- _Data records_

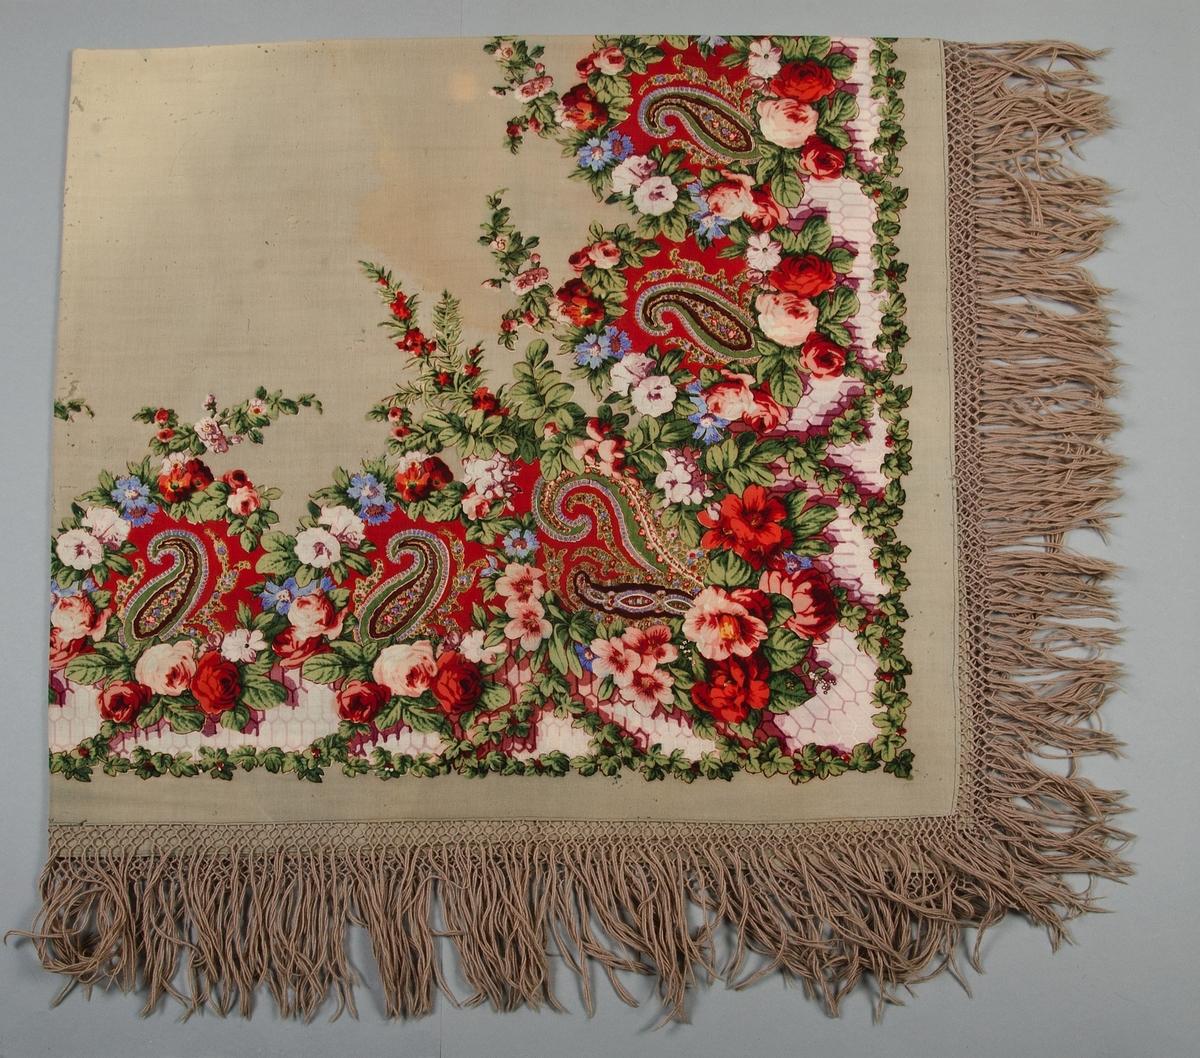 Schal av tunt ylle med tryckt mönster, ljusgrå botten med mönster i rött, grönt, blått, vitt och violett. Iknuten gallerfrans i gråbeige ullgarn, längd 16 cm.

==

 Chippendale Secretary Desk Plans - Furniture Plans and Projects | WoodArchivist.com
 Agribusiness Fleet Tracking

- _The task_
Output exactly the lines of the material above from the one containing "Chippendale Secretary Desk" up to and including the one containing "Agribusiness Fleet Tracking".

- _Response below_
 Chippendale Secretary Desk Plans - Furniture Plans and Projects | WoodArchivist.com
 Agribusiness Fleet Tracking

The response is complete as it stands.